These materials, of course, went to the binding of printed as well as blank books. As their daybooks show, the binding of books to order was a steady source of income for both Hunter and Royle—and doubtless for Royle’s successors as it had been for Hunter’s predecessor. Custom work included the rebinding of worn books, the lettering and application of title panels, and perhaps some binding of books the printer bought in flat sheets, already printed, from London or from another colonial printer.

The fact that custom binding and rebinding accounted for a prominent share of the work done by Williamsburg binders indicates that Governor Botetourt was not the only man in Virginia before the Revolution who owned and cherished books. According to one estimate, there were at least 1,000 private libraries with at least 20,000 volumes altogether before the colony was one hundred years old. Another study of 100 such collections, including the largest, calculated their average size at 106 titles (possibly twice that many volumes).

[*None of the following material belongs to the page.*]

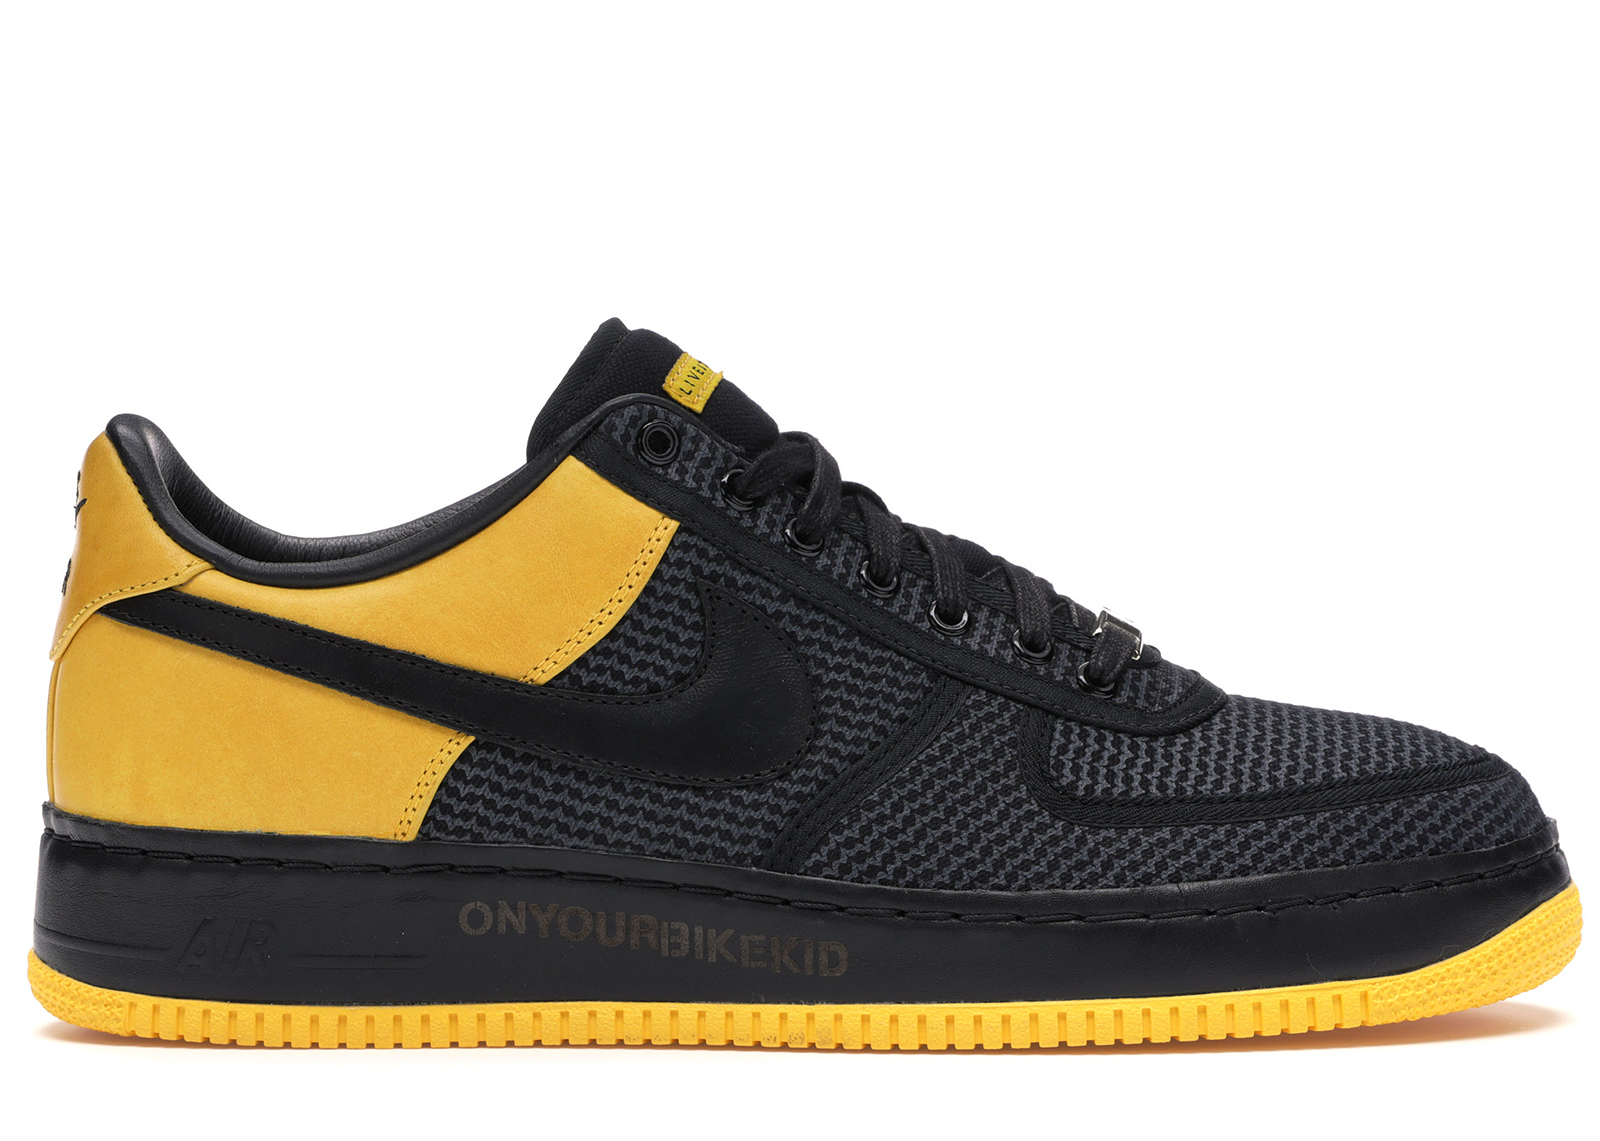 Nike Air Force 1 Low Undefeated Livestrong Men's - 318985 700 - US
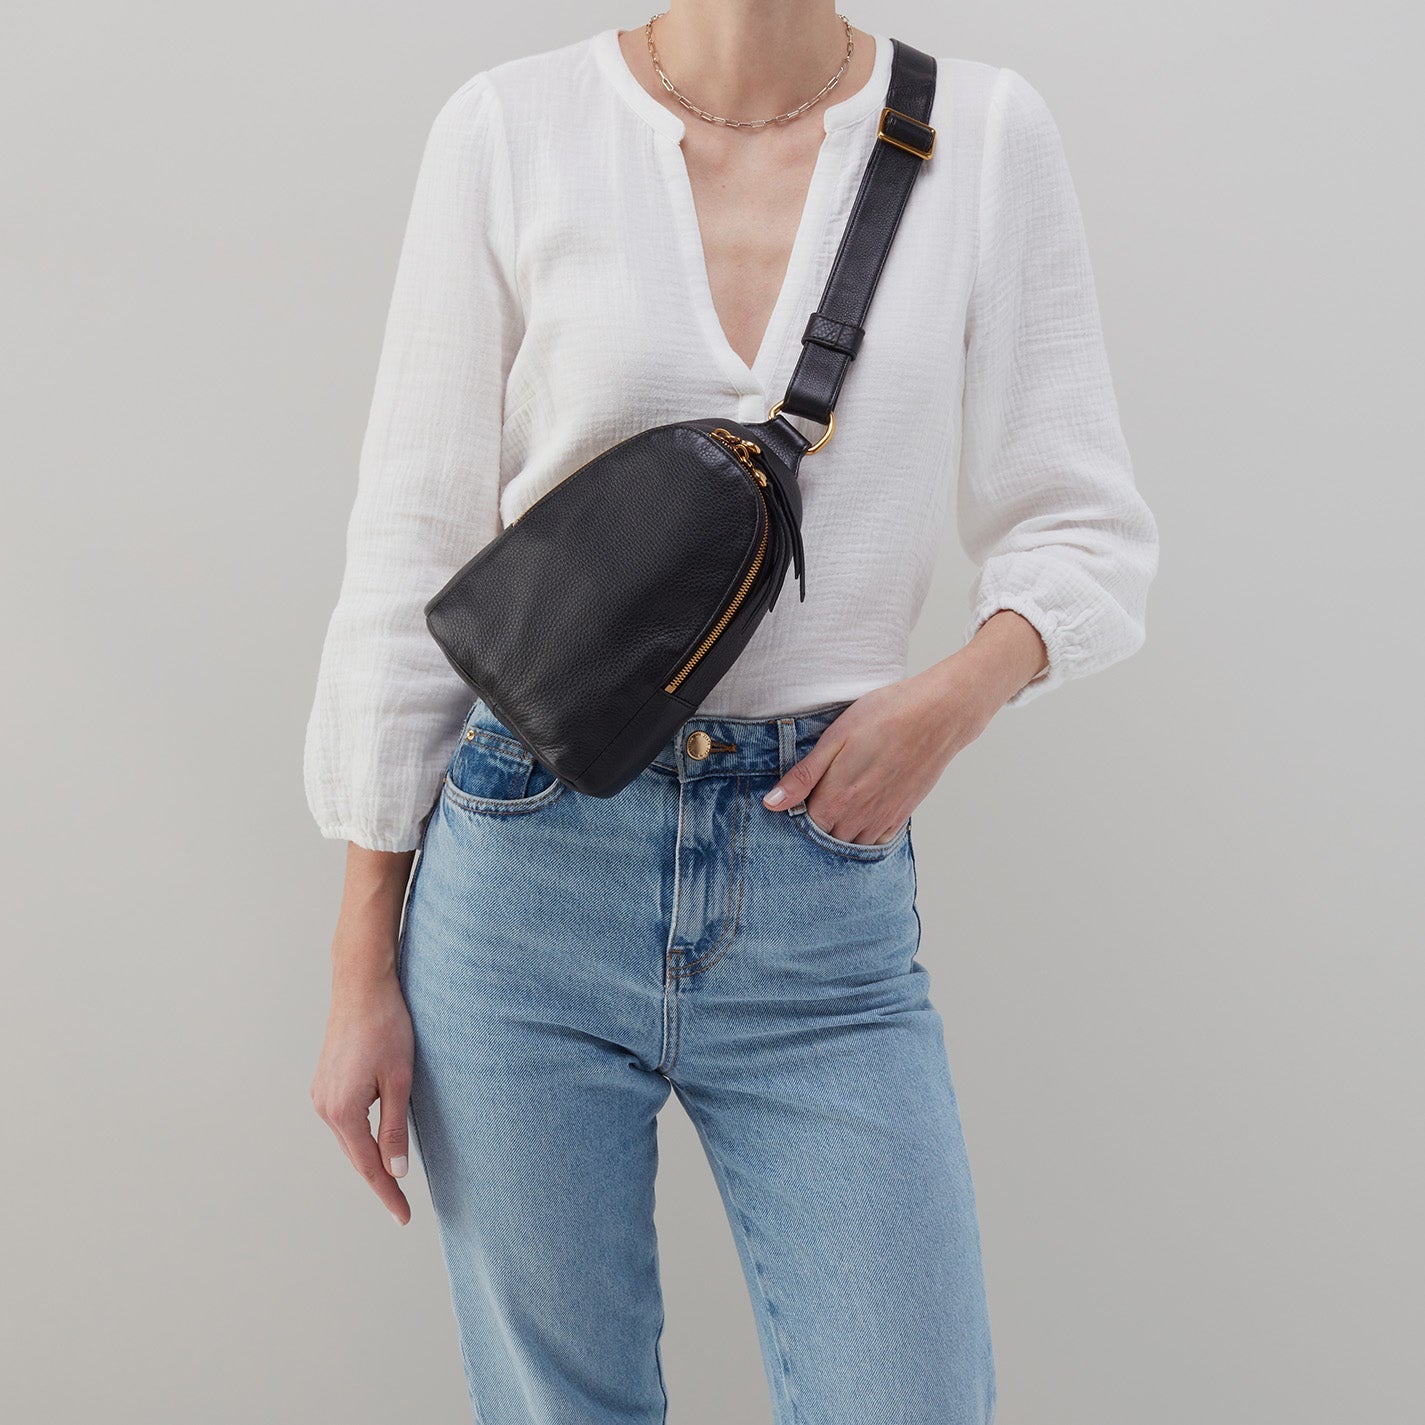 person wearing jeans and a white blouse with black fern sling across their chest.

The average is high because the study included such very extensive libraries as those of William Byrd II, Robert Carter, and Ralph Wormeley. Nearly half of the libraries in the group studied had fewer than twenty-five titles. However, most Virginia gentlemen of the planter aristocracy owned at least an armful of books.

An occasional book in any such collection might have been written by the owner himself. Hunter stitched a manuscript volume for Nathaniel Walthoe, Esqr., and Royle bound a handwritten book for John Blair. What these gentlemen had written that deserved such care can only be guessed at. Both were officials, so the books might well have been public records of some kind. On the other hand, perhaps the content was less prosaic: poetry, maybe, or something like the “list of Horse Matches” that Royle bound for the Hon. John Tayloe at two shillings.

Music books, volumes of collected pamphlets and magazines, a “cyphering book” for Mrs. Jane Vobe, keeper of the King’s Arms Tavern, and dozens of similar items in the Hunter and Royle daybooks account for only a portion of custom binding, however. The book most often bound to order was the Bible, closely followed by the Anglican prayer book. Hunter bound a number of Bibles for 6 shillings, but charged 12 shillings for a “large Church Bible” and 50 shillings for one “neatly bound in Turkey.” “Turkey,” “levant,” and “morocco” leathers were all goatskin, each taking its name from the region where it was tanned.

Here are a few entries from Royle’s daybook during mid-1765, selected not only because they show the binder’s price list, but also because the customer’s name or occupation, or his preferences in reading matter and binding, or his concern for the intellectual advancement of the fair sex may be of interest:

[shillings/pence
June11 William Waters, Binding Corelis Sonate, lettd ... 4to 8/9
June19 Hon. John Blair, Binding Amelia [County] rent roll. folio 15/-
June27 George Davenport, Binding Mrs Ballard’s Prayer Book 3/9
Col Robert Bolling, Binding Councel of Trent, folio, gilt & Letter’d 15/- Do ... Baconi Historia, Henrici Septimi, do 2/6 17/6
Thomas Jefferson, Do History Virginia, 4to 8/9
July3 Col Robert Bolling Junr Lettering Pope’s Works, 9 Vols for Miss Sally Waters 5/7½
Aug.28 Revd David Mossom, Binding a Bible 5/-
John Gilchrist, Ditto Love Elegies 2/- 7/-
Aug.31 James Anderson, Blacksmith Binding a Quarto Bible. in ruff Calf 10/-

An advertisement Royle placed in the Maryland Gazette for May 2, 1765, throws an interesting light on one of the characteristic labor-management difficulties of his time:

WILLIAMSBURG, April 23, 1765

Ran away from the Printing-Office, on Saturday Night, a Servant Man named George Fisher, by Trade a Book-Binder, between 25 and 26 Years of Age, about 5 feet 5 Inches high, very thick, stoops much, and has a down Look; he is a little Peck-pitted, has a Scar on one of his Temples, is much addicted to Licquor, very talkative when drunk, and remarkably stupid.

Whoever apprehends the said Servant, and conveys him to the Printing-Office, in Virginia, shall have Five Pounds Reward, and if taken out of the Colony, TEN POUNDS, beside what the Law allows.

JOSEPH ROYLE

This seems a generous reward indeed for the return of a man of Fisher’s unendearing qualities. Not that Fisher, a transported convict, was untalented in his way. “Conveyed” to Williamsburg and lodged in the gaol, he escaped at the end of July, both from custody and from history.